Hi, everyone.
The official styleguide has constatnly avoided this issue. I think it would serve everyone if an official instance was taken.
I have coded a little php script that’s publicly available in https://etc.marlonob.info/mb-importer/ in an attempt to more accurately gather data for digital releases (the code was written for personal use, and I must clarify that I’m not a programmer). But I think in the process of codding it I may have gather some relevant insight on the matter.
My instance on this issue when I first joined MB was that most digital releases should be [worldwide], since in those cases, for example, when a release is available in every iTunes’ store, is clear that the intention is for it to be available everywhere and that the limit of some territories is a technical issue of Apple and not the artist/distributor’s.
But then it was pointed to me (and that make sense) that technical and legal issues have always determined different releases. There are albums released almost world-widely but in every country they have a slightly different copyright notice an probably a barcode also. Everyone of those releases have a place in the database. The case is, in theory, every release group should have dozens of different releases, one for each country in which it was licensed and sold.
Now, is it better for the database to have only a couple of countries or to have all of them? I think, the answer is the latest. The important thing is to have as much particular data as possible.
For those more interested in the album concept, the release-group should be enough for that. A concept of main release may be useful, similarly to how we have a main cover image automatically assigned to the first release on the list, but that can be mapped to a particular release in special cases.
But, first: what defines a particular digital media release? For physical releases, this is relatively clear: any difference in the packaging or the content suffice to make a different release. But with digital media, those differences are less available to the consumer.
Now, sometimes the vendors make little changes even to the track or artist names. Some of them include every credited artist as a track artist, some only the album artist, …. I have find that the the only reliable identifier is the UPC. The problem: most vendors make this data hard to access, if at all.
But, back to the matter of the thread. My script function under the assumption that a digital release is the same if, and only if, they share a UPC, and query Spotify, Deezer, and iTunes APIs looking for specific information on the release.
So, about the countries. Only Spotify provide a list of available markets. For iTunes, the only way of knowing is to request every iTunes country-store to see if they have it available or not. Deezer doesn’t provide that information.
Specifically about the Spotify API: No, the countries are not always the same. Most of the time, they are all the countries in which Spotify is available, but not always. Sometimes is only one country, sometimes, territories like North America (mx-ca-us) or or North + Central America or Latin America, etcetera. Now, what appears in those lists is the intersection of two sets: A) Countries where Spotify has pressence; and B) Countries where the specific-upc album was released. So, that may not be all the countries where it was released, but all of those countries have a valid release event, and that is what gets registered. For now, this is the most complete info that we have access to.
So, the question is: If not all knowed release events, what should the criteria be? Before I automated that task, I would (manually) test for three kind of countries: 1.- The artist’s area; 2.- The register’s area (ideally, the country in which the ISRC was registered), and; 3.- Mexico, which is my country.
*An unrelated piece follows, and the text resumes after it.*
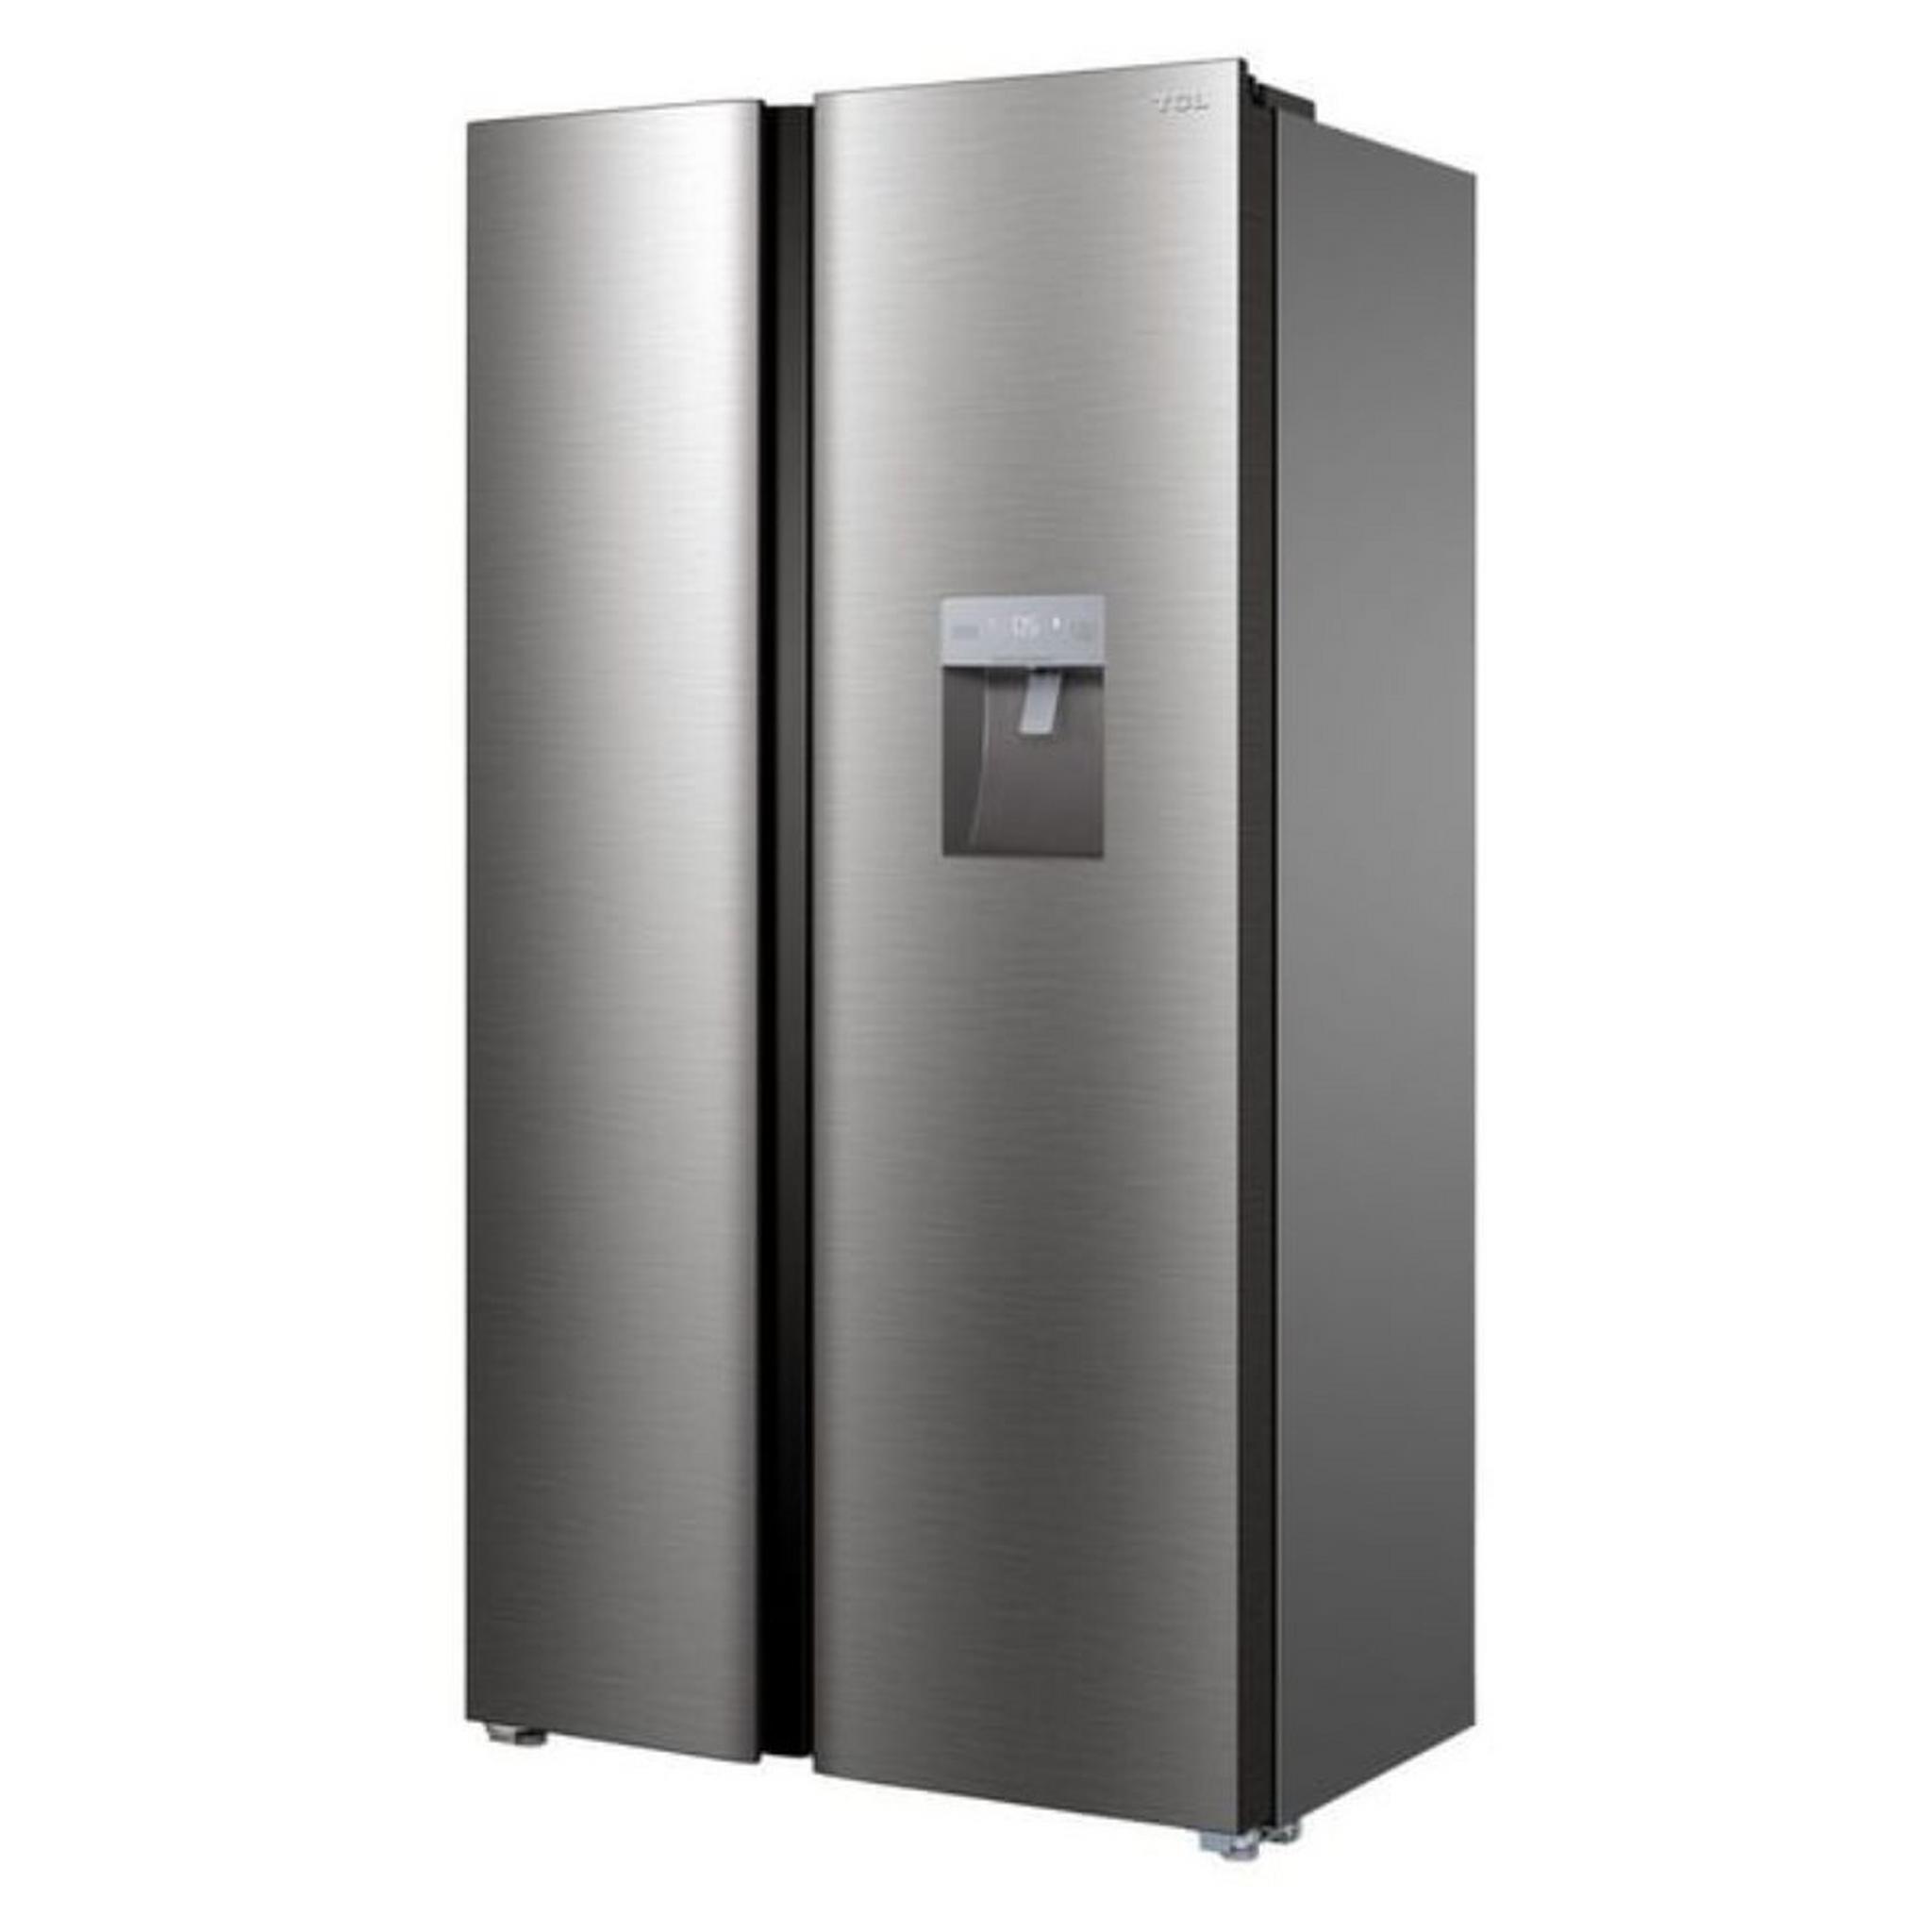 TCL Side by Side Refrigerator, 28 CFT, 790 Liters Capacity, P790SBSNWD – Inox

Some people have a problem with seeing Mexico so prominently present (even tho I have never seen a comment when the us is the only country for releases by artists or labels from uk, au, or basically any other country) in an otherwise “not-mexican” release. The thing is, for example, maybe for a Norwegian person is more important to know which releases of Mutter by Rammstein are available in Norway for streaming that to know that there was a German release for an album by a German band. I don’t think that it has to be reminded that browsing it is not the only —not even the main— object of MB.
What I do find to be terribly missing from MB for digital media is a service for snapshots of vendors APIs / album pages. In the same manner in which the CAA is useful as a source to find the particularities of a physical release, having a snapshot for the sources of digital releases may serve the same propose and, given that the CAA is already maintained by the Internet Archive, I think this may not be so complicated.